◆ YOUR GOAL ◆
Search the entries for the word "Black" and pull out each line that has it.

◆ EXERCISE MATERIALS ◆
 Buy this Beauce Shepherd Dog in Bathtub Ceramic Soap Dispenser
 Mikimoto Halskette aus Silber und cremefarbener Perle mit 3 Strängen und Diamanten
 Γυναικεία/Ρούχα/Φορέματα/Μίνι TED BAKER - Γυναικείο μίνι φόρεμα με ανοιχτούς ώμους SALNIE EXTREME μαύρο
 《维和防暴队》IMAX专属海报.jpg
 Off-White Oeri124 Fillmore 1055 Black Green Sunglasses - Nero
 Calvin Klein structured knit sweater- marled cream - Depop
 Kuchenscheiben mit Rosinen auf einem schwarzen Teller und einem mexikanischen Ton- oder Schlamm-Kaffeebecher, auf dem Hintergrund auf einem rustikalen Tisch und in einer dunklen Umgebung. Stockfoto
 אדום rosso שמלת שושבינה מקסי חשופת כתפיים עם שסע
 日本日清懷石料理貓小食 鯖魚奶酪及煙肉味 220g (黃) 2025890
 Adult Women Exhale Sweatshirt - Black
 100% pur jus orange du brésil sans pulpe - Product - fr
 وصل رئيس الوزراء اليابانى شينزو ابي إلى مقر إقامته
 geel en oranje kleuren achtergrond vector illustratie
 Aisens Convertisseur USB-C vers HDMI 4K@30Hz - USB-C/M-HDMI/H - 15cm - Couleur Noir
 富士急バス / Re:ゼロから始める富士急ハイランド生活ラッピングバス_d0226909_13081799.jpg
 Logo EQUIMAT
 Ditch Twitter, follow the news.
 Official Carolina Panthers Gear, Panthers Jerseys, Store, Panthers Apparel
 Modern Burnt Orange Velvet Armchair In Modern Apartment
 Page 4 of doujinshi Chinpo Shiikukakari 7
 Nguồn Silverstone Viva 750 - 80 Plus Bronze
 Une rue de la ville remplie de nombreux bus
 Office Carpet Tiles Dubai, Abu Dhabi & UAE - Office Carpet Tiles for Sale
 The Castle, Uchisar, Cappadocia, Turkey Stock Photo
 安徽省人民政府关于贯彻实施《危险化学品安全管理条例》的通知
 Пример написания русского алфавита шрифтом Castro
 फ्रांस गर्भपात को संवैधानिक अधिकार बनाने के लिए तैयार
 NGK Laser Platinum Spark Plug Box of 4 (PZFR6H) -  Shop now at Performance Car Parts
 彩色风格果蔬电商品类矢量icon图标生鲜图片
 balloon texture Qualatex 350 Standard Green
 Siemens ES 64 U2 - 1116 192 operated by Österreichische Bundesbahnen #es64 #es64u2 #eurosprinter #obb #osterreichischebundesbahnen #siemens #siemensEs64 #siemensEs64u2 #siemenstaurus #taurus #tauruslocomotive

◆ TASK ANSWER ◆
 Off-White Oeri124 Fillmore 1055 Black Green Sunglasses - Nero
 Adult Women Exhale Sweatshirt - Black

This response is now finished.